NOTE: filerohr currently is a proof-of-concept and doesn’t have any tests yet.
filerohr’s name is a wordplay on the german Fallrohr (literally droppipe).
CLI
filerohr comes with a CLI that can be executed with uv run python -m filerohr
Quick start:
# validate a pipeline config
uv run python -m filerohr validate-config my-pipeline.yaml
# Show available jobs
uv run python -m filerohr list-jobs
# import a file
uv run python -m filerohr import-file --config my-pipeline.yaml ~/Music/song.mp3
Configuration
filerohr itself is mostly configured through environment variables. The pipeline configuration is YAML and is documented below.
Environment variables
Environment variable configuration options include:
TZ
: The local timezone (e.g. Europe/Vienna)
FILEROHR_FFMPEG_BIN
: Path to the ffmpeg binary
FILEROHR_FFPROBE_BIN
: Path to the ffprobe binary
FILEROHR_DATA_DIR
: Path to the data directory
FILEROHR_TMP_DIR
: Path to the temporary directory
FILEROHR_TASK_MODULES
: comma-separated list of Python modules to import as task definitions
FILEROHR_PIPELINE_CONFIG_DIR
: Path to the pipeline configuration file directory
Most of these variables will be set to sensible defaults in the upcoming container image.
Pipeline configuration
The following pipeline configuration is based on filerohr’s built-in tasks:
# You can give pipelines a name.
# That makes it easy to reference them in an API or with the CLI.
name: audio
# Pipelines can be marked as default (but only one).
use_as_default: true
jobs:
# Downloads the file if a remote URL was provided.
# Skips them otherwise.
- job: download_file
match_content_type: ["audio/*", "video/*", "pass_unset"]
max_download_size_mib: 25
# Logs the file size.
- job: log_file_size
# Sanitizes the file as audio/video.
# Automatically skips the file if it is not audio/video.
- job: sanitize_av
# Extracts all audio streams as separate files.
- job: extract_audio
# Extract metadata from the audio files.
- job: extract_audio_metadata
# Normalize the audio file with the podcast preset.
- job: normalize_audio
preset: podcast
# Converts the audio file (if necessary).

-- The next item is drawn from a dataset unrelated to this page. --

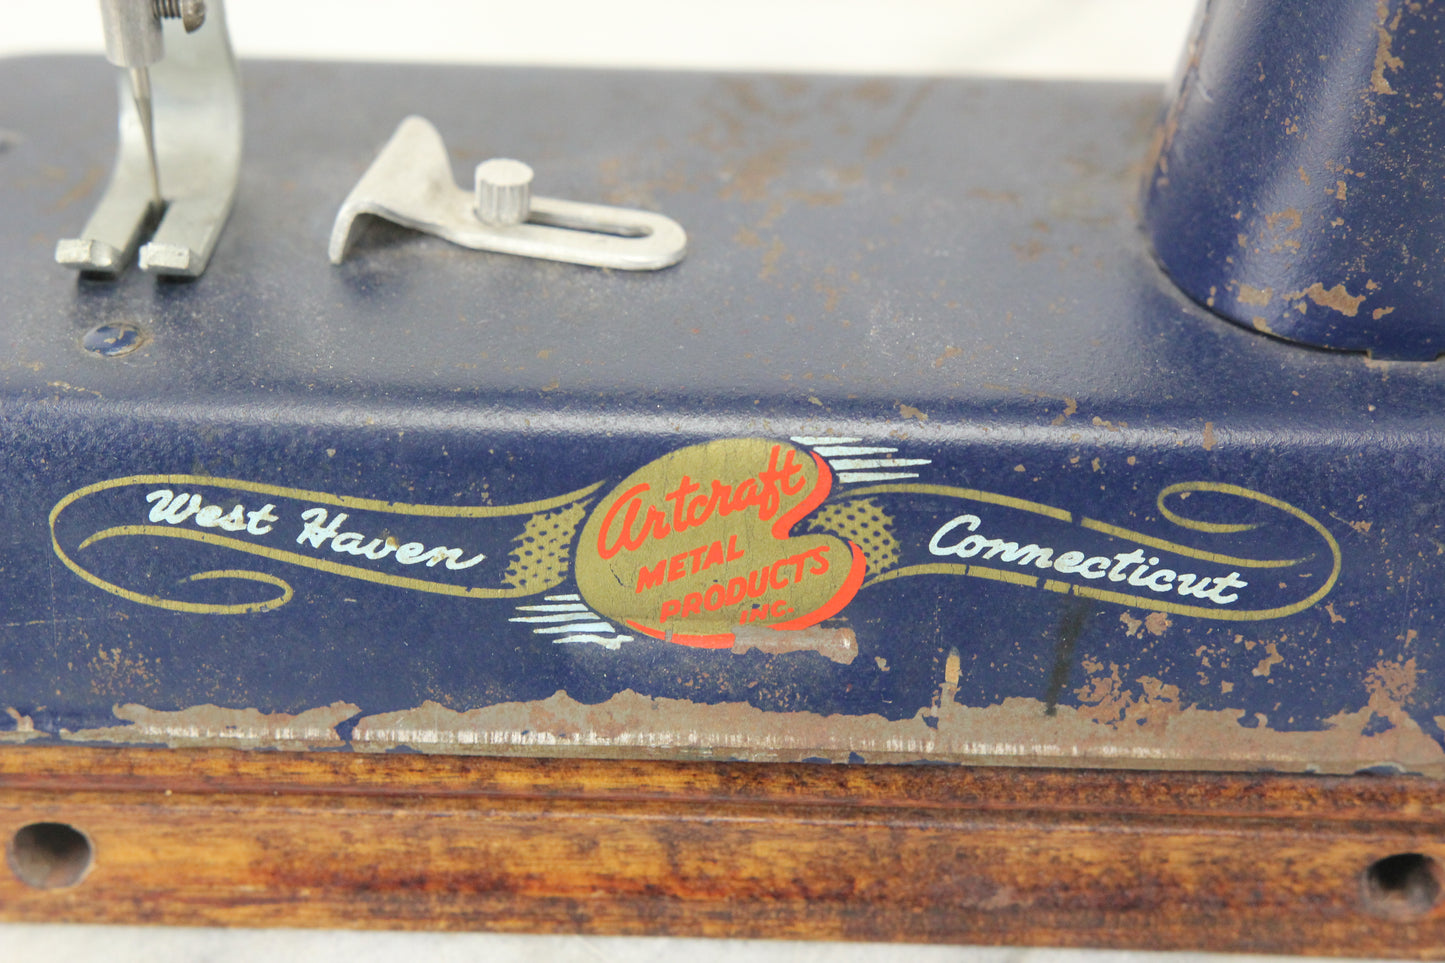 Artcraft Metal Products Junior Miss 1940s Handcrank Toy Sewing Machine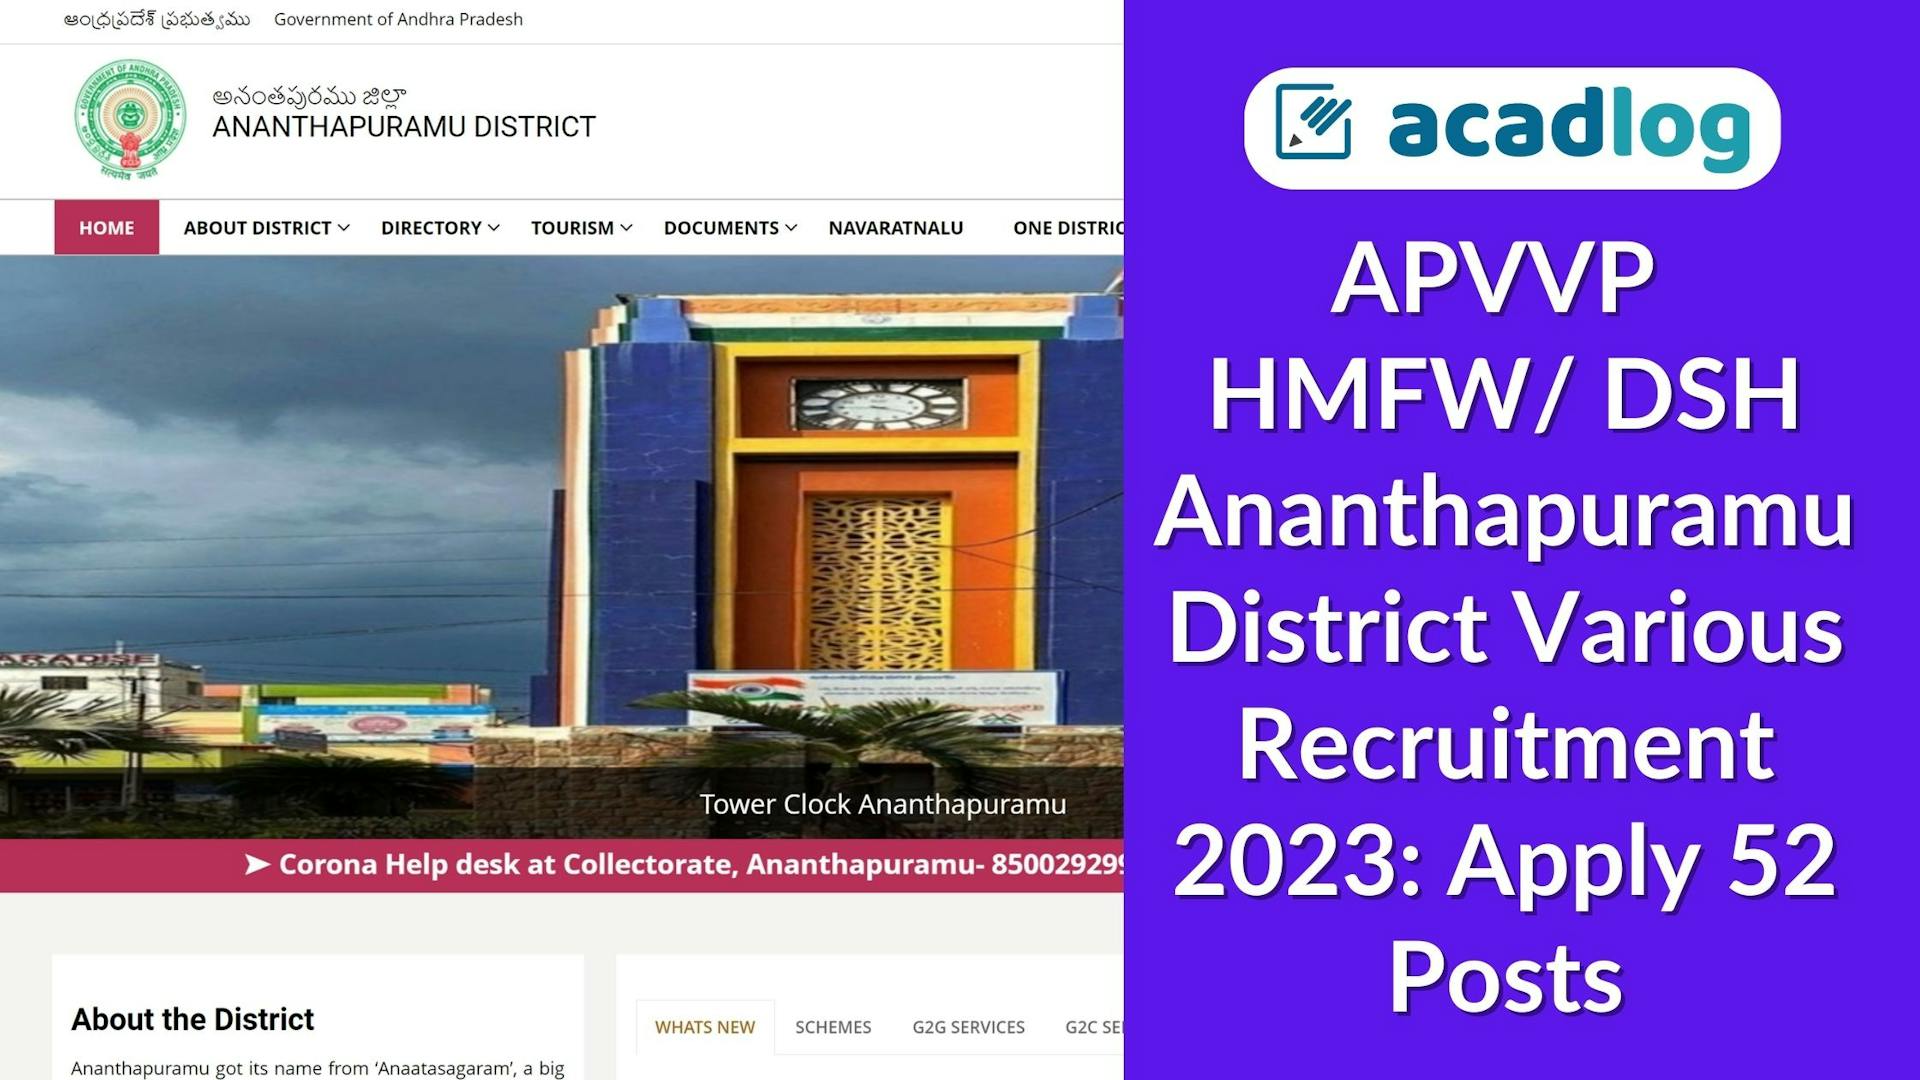 APVVP HMFW/ DSH Ananthapuramu District Various Recruitment 2023: Apply 52 Posts

# Only allow opus and flac and convert to flac as needed.
- job: convert_audio
allowed_formats: ["opus", "flac"]
fallback_format: flac
# Now that the last job that could have changed the audio format is finished,
# we can extract the mime type from the audio file.
- job: extract_mime_type
# Log the file size again.
# This time it will include the reduction in file size in percent.
- job: log_file_size
# Hash the file content with SHA3 512.
# This will be re-used in store_by_content_hash.
- job: hash_file
alg: sha3_512
# Store the files by their content hash.
- job: store_by_content_hash
storage_dir: /home/you/data/audio/by-hash
# Emit the stored file in the hash-based directory as a pipeline result.
emit: true
# Additionally, store by upload date, but only symlink to files in hash storage.
- job: store_by_creation_date
storage_dir: /home/you/data/audio/by-hash
symlink: true
# Do not emit but keep the file in the upload-date-based directory.
keep: true
Not that you can include jobs multiple times. This can be helpful e.g., if you do file size logging, before and after converting audio streams.
Built-in tasks
convert_audio
Ensures an audio file matches the allowed formats.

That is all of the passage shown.